Postby pied_piper » Sat Sep 24, 2011 7:14 pm

On open hole keys, the pads are held in place with a grommet. The grommets can be either metal or delrin (plastic). The procedure to remove the grommet is the same regardless of whether it is metal or delrin. The photo in your post shows a tool from J.L. Smith that is designed to allow you to gently pry up the grommet while minimizing the likelihood of damaging the pad, but it still requires great care. The rings in the photo are used to help protect the pads while you pry off the grommet. To properly fit the pads in place, you may have to remove the grommet multiple times to add or remove paper shims under the pad to get it to seat properly. Metal grommets can be easily bent while removing or reinstalling them. If that happens, you may not be able to reinstall the pad or the grommet may become too loose to hold the pad in place. Since the flute keys must be removed and replaced many times to get each pad to seal properly, this increases the possibility of damaging a metal grommet. Each time you reinstall the pad and key, you must check for proper seating of the pad by using a feeler to check that each pad seals 360 degrees around the tone hole.

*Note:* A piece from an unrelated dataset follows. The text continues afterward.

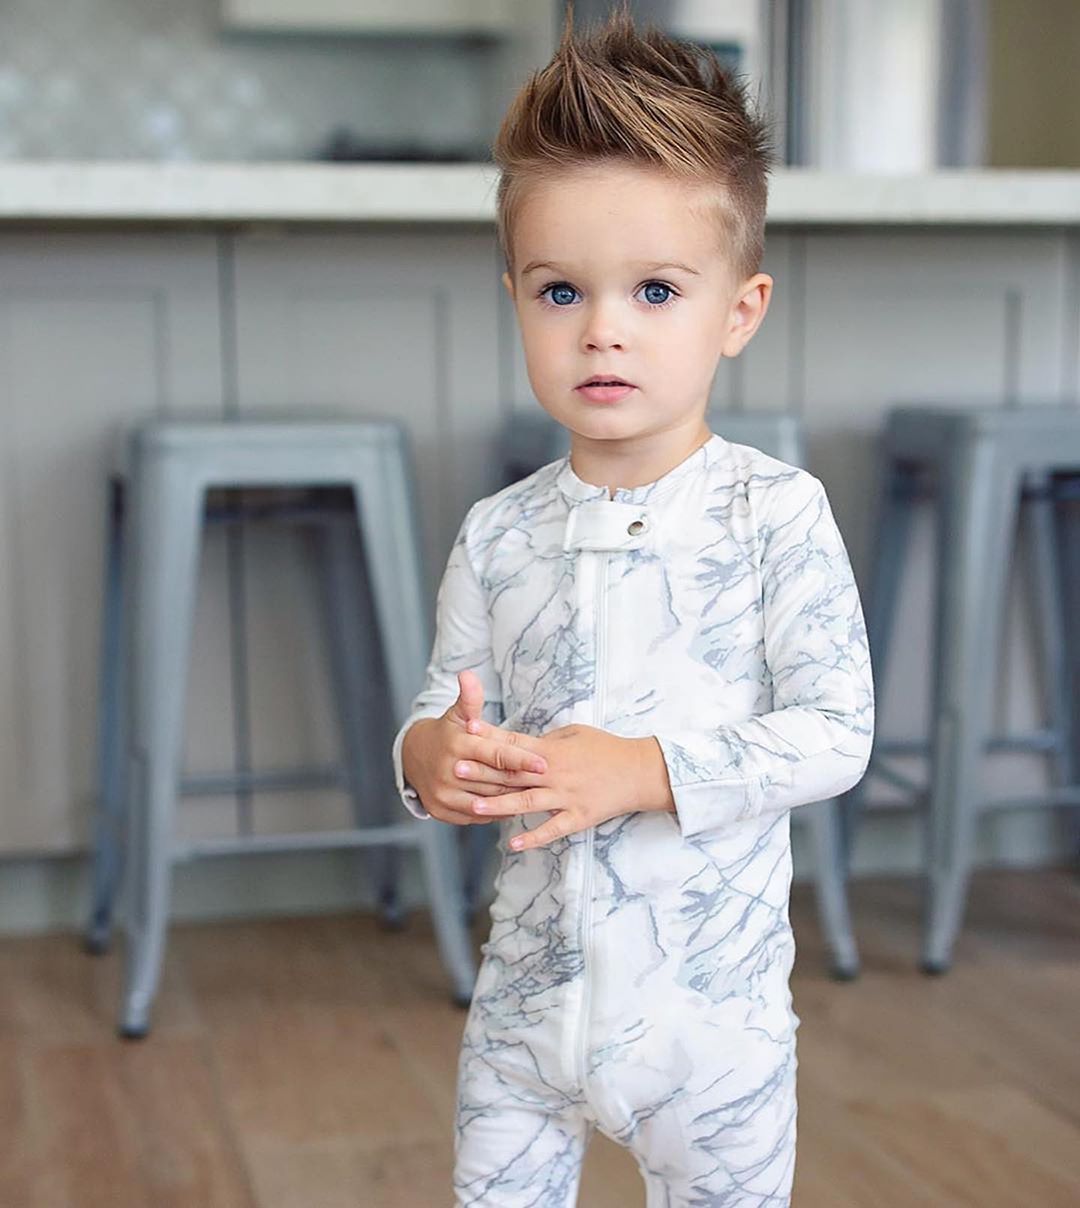 When Do Babies Stop Wearing Footie Pajamas? Baby Footie Pajama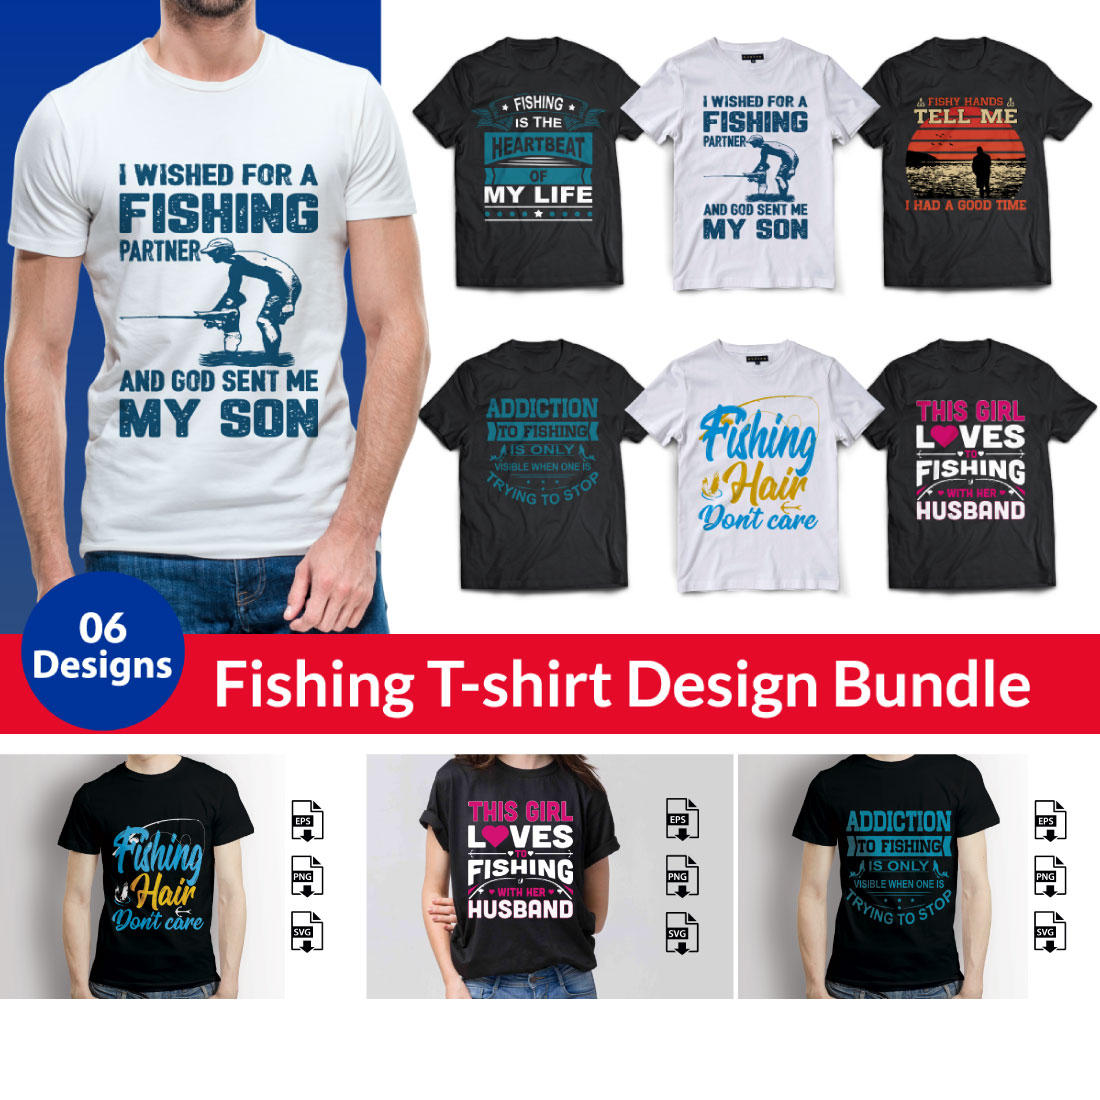 Fishing T-shirt Design Bundle 06 Design cover image.

Did you purchase pads that are the same thickness as the ones currently in the flute? If not, it will make the job more difficult or perhaps even impossible. If the new pads are thinner, you will need to add more paper shims. If the new pads are thicker, you will have to remove shims. If the pads are too thick, they may be unusable because the pad will contact the back of the tone hole before it touches the front of the tone hole. A difference in thickness of even a few thousandths of an inch will result in leaks and make the flute unplayable.

After all of the pads are individually sealing properly, you must check the key regulation which controls the interactions between keys that close together. Some flutes have adjustment screws but some (especially professional flutes) do not and the adjustments must be made using thin pieces of cork, felt, or other materials.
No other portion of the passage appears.